WHAT IS EXPECTED:
An exact copy of the listing is required, with its pictures removed.

COLLECTED MATERIAL:
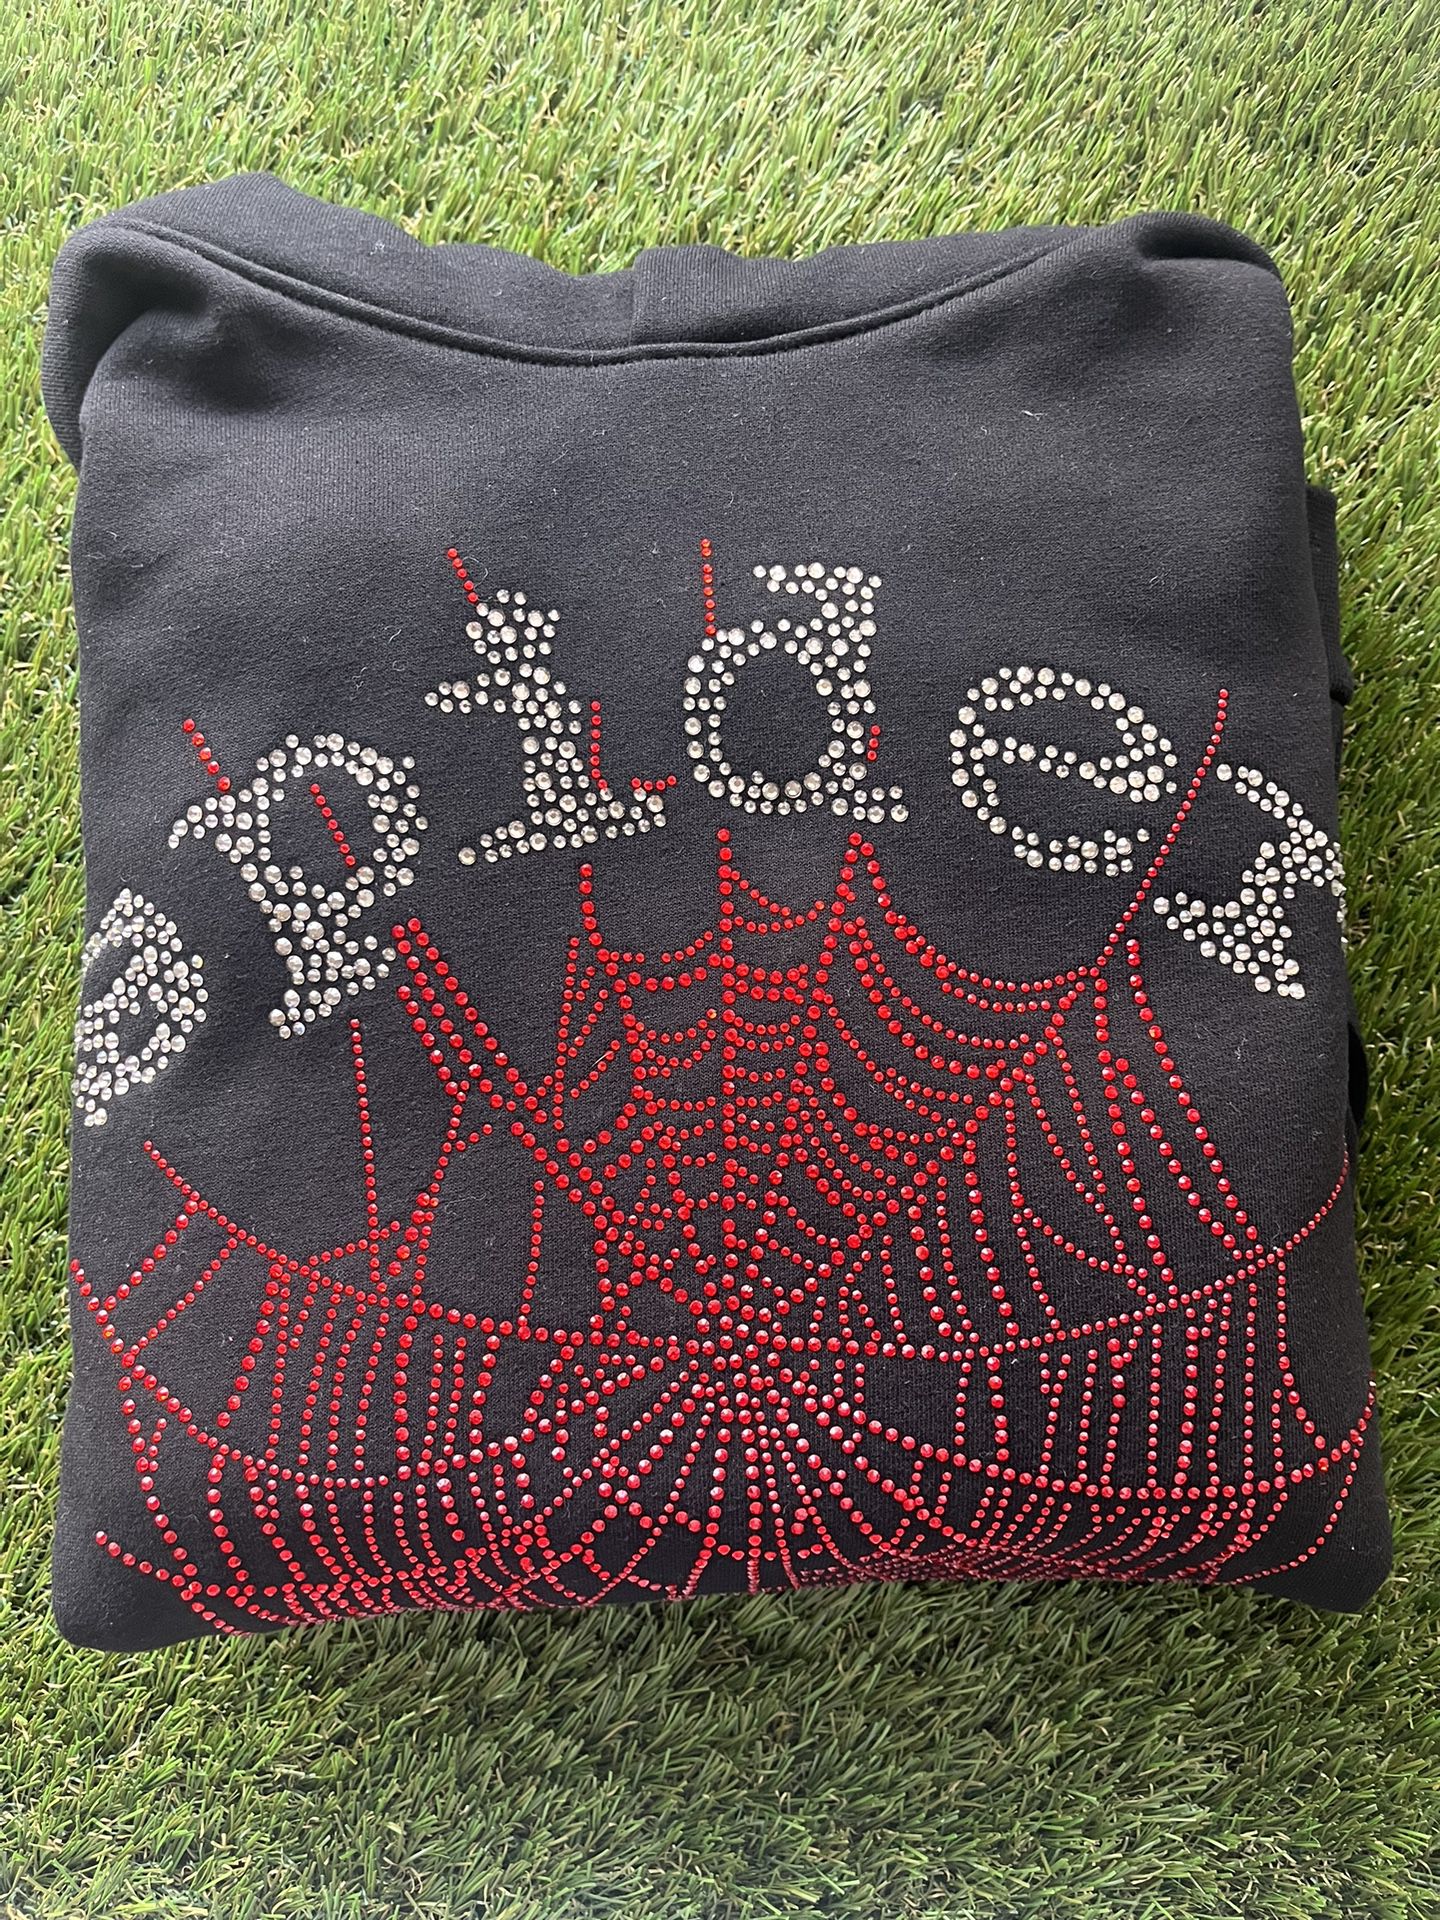 Spider Hoodie OG Rhinestone Black and Red
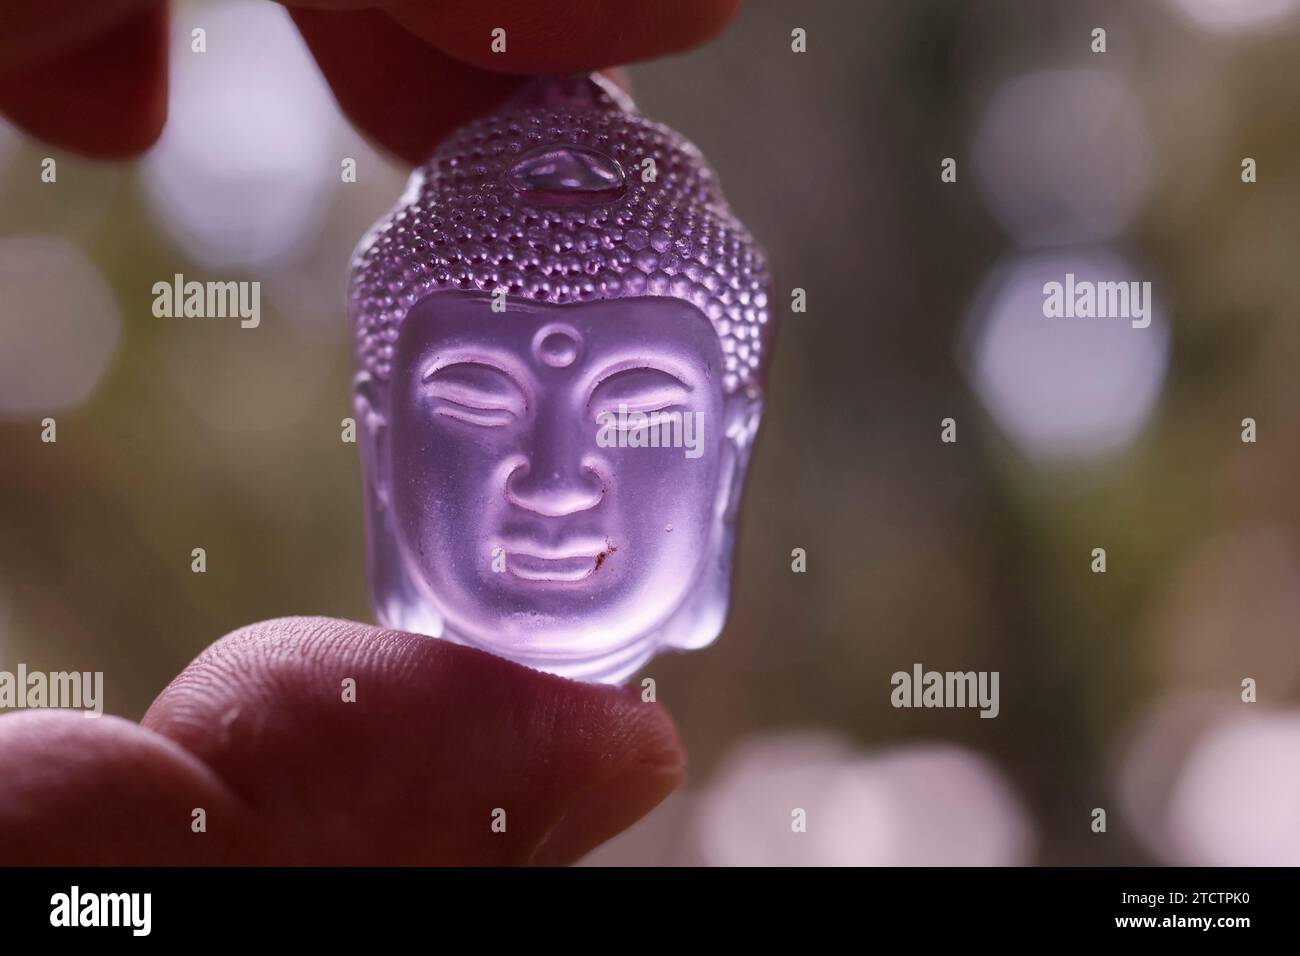 Purple Buddha head pendant in hand. Buddhist symbol. Stock Photo
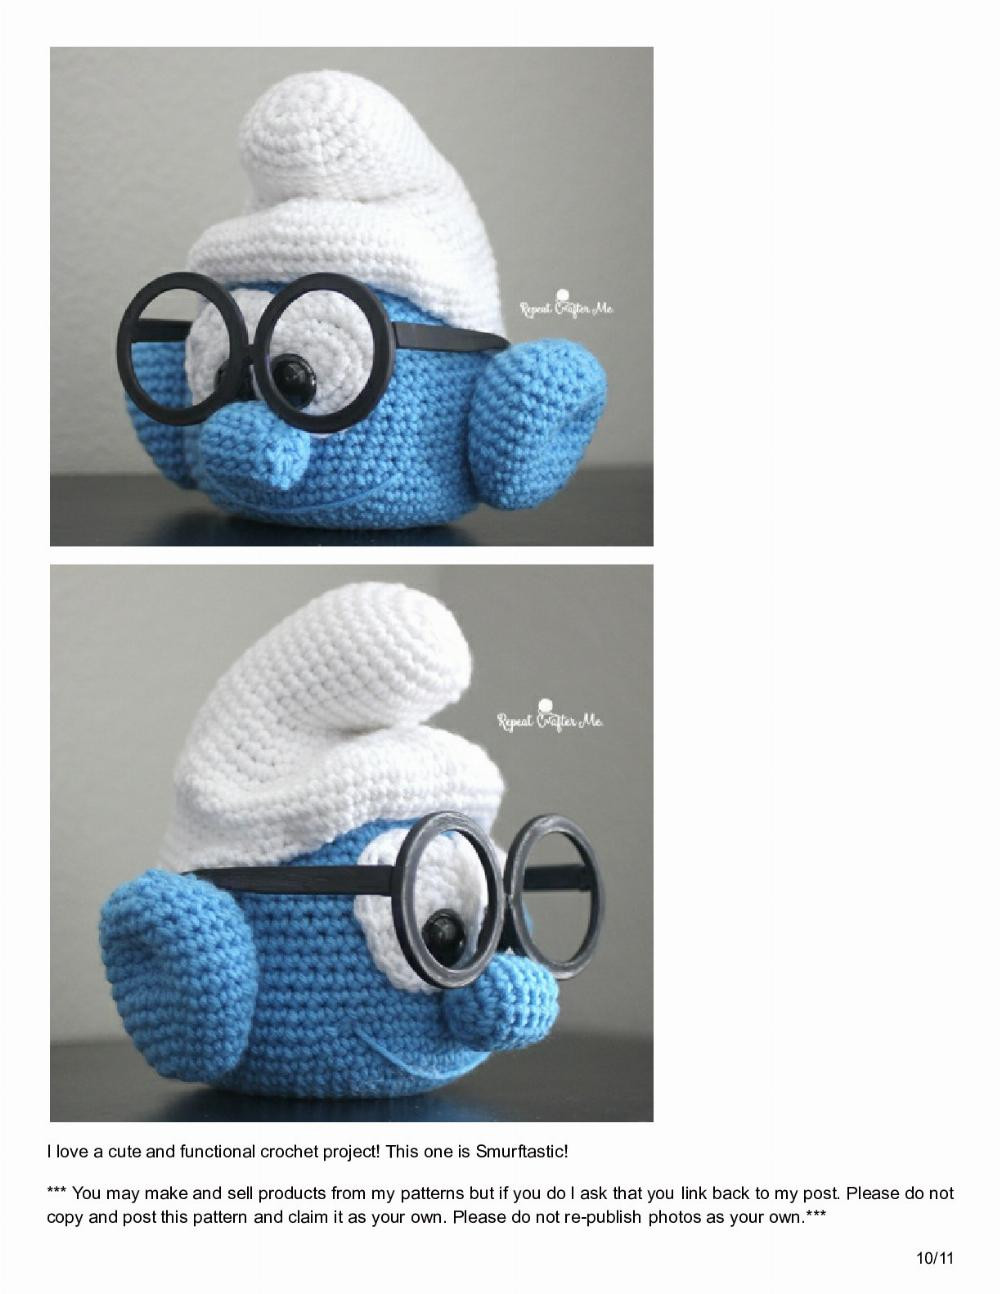 Crochet brainy smurf glasses holder (free amigurumi pattern)

TASK RESPONSE:
 Spider Hoodie OG Rhinestone Black and Red
 Purple Buddha head pendant in hand. Buddhist symbol. Stock Photo
 Crochet brainy smurf glasses holder (free amigurumi pattern)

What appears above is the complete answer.